“我妈91岁了,一辈子在玄石矿上兢兢业业,90岁才敢退休,刚退休就病了,他们连老人家的氧气管都拔了啊!”
“老婆和女儿的电话都打不通了,我女儿才16岁,是班里成绩最好的那个,老师都说她有可能考上【师】的啊!”
“这帮人下手太狠了,说好了就算事情败露也只要我一个人去顶罪,他们要杀我全家,杀我全家啊!!!”
他拍打着桌子嘶吼着,然后又趴在桌面上哭到痉挛。
“大哥……大哥你先别哭。”旁边一个警员自己也慌了神,“知道是谁要杀你全家不?是你们所长还是?”
他说着,看了眼隔壁房间,陆崖说自己的所长正在隔壁房间接受审讯,既然所长也被抓了,应该没空下令杀人灭口吧?

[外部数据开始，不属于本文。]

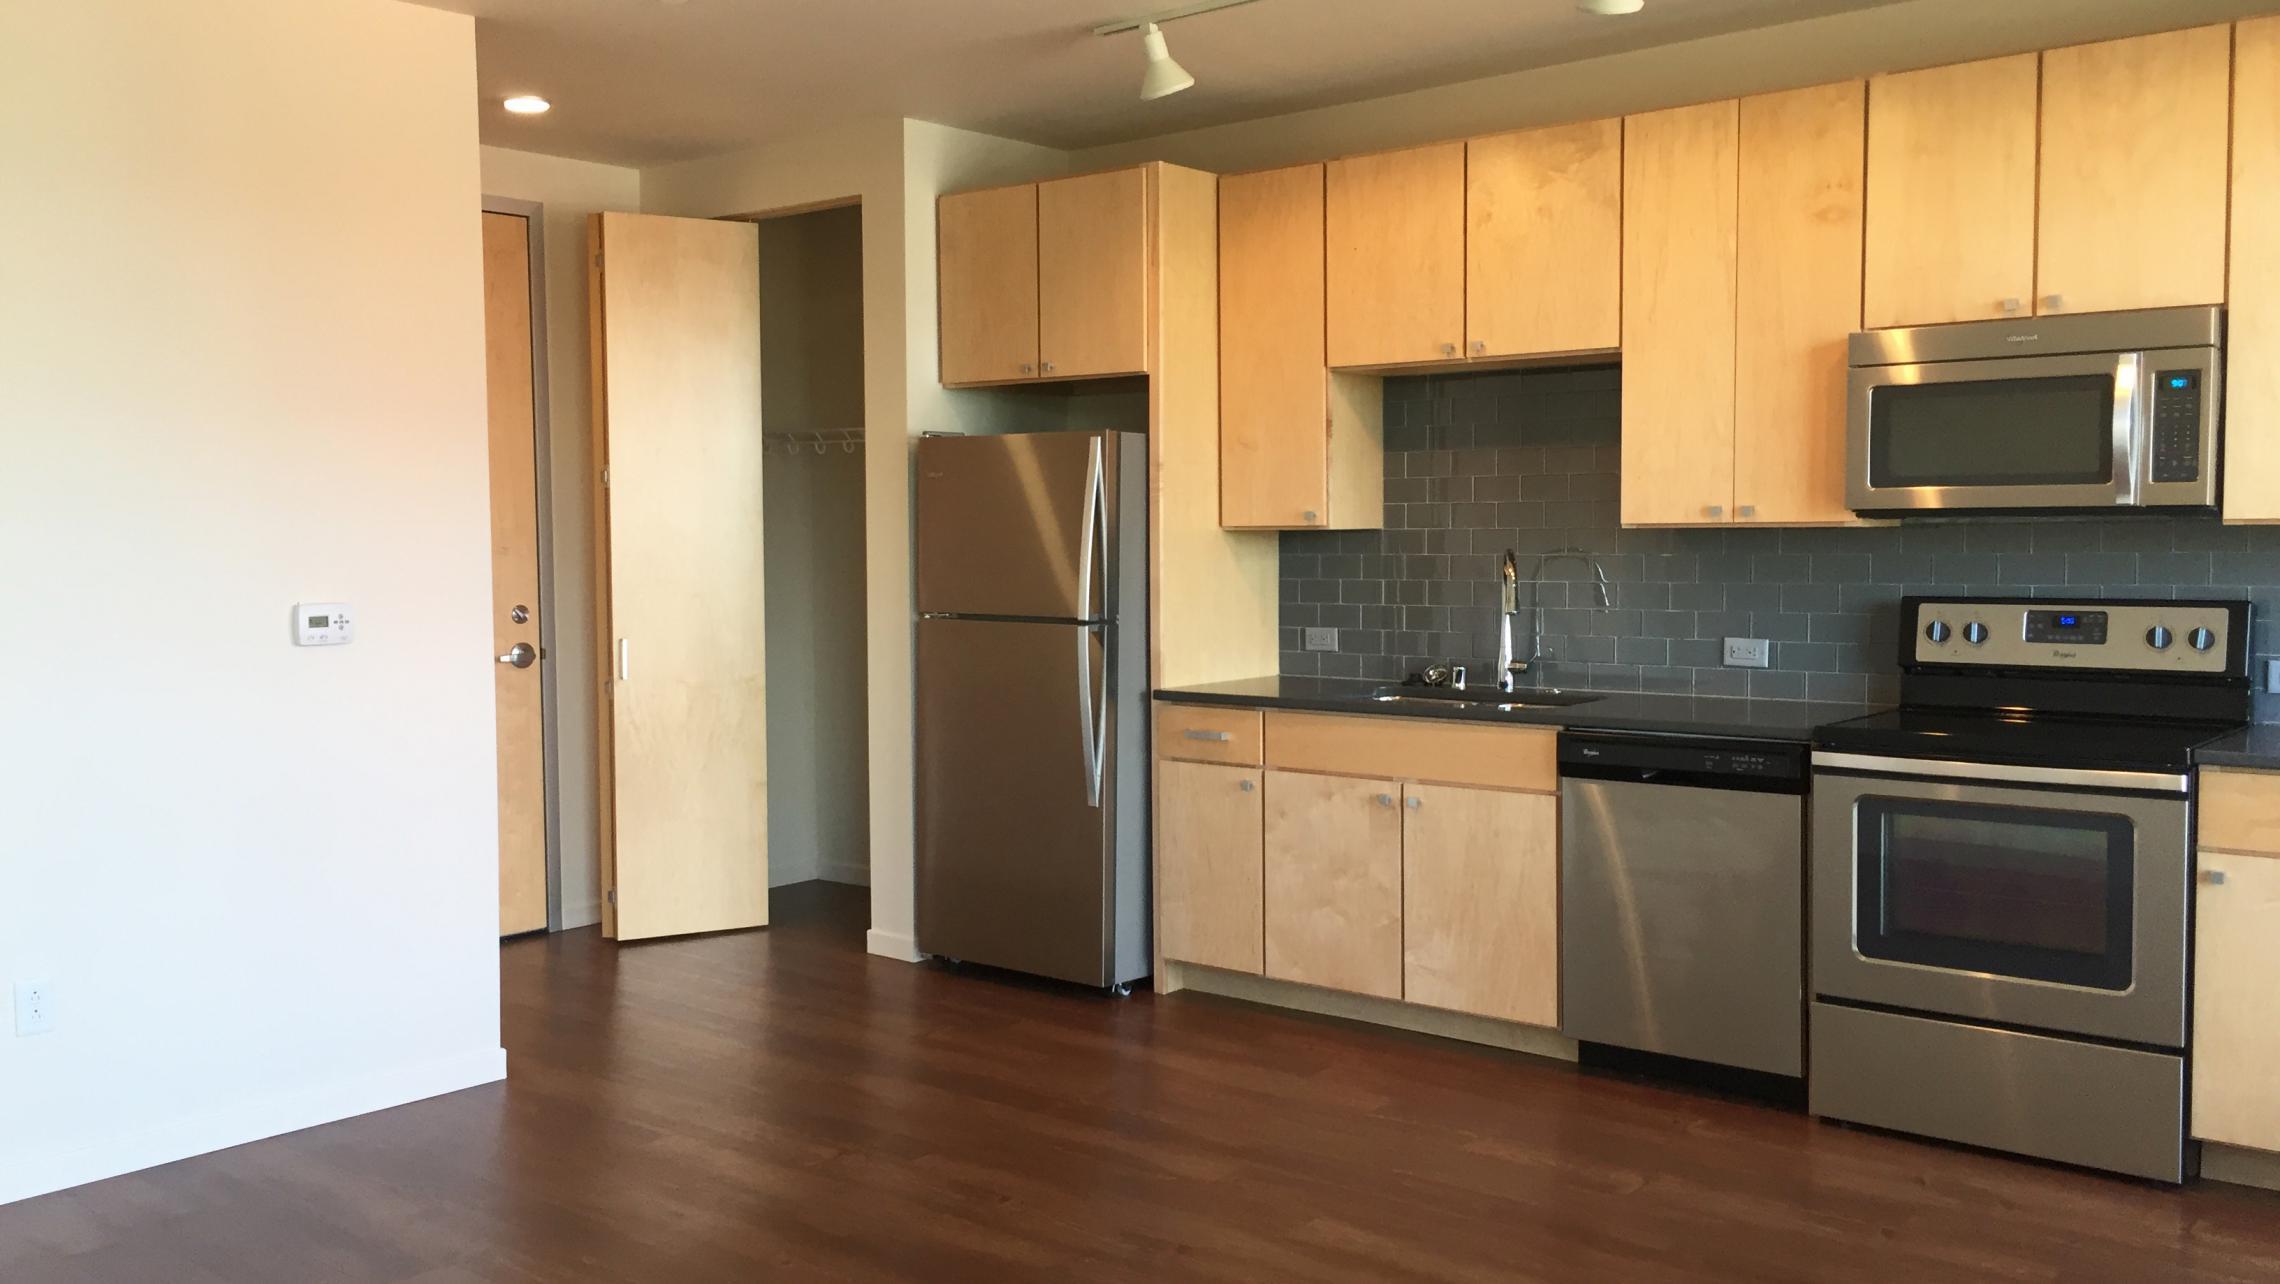 ULI Nine Line Apartment 212 - Kitchen

“所长?我们没有所长啊!”师兄趴在桌面上,有气无力,痛不欲生地回答。
“没有所长?兄弟你哪个单位的,也是因为审讯陆崖被抓的吗?”另一个警员问出了一个关键问题。
“审讯陆崖?”师兄瞪大眼睛,“当然不是,我一个狱警怎么审讯陆崖?我只是接到任务要让几个犯人今天暴毙,没想到还没动手就被警务司的人抓了。”
“你要杀谁?”一直沉默的韩路忽然低声问了句。
“我不知道!我只知道他们给我两个编号!一个编号87630,一个编号87631,只给了我两个牢房号,四个年轻人照片。”师兄喊着,两步冲到门口用力敲打着房门,“我进来之前都交代了,我进来之前已经全部交代了,你们让我看一眼老婆孩子啊!就看一眼好不好?!”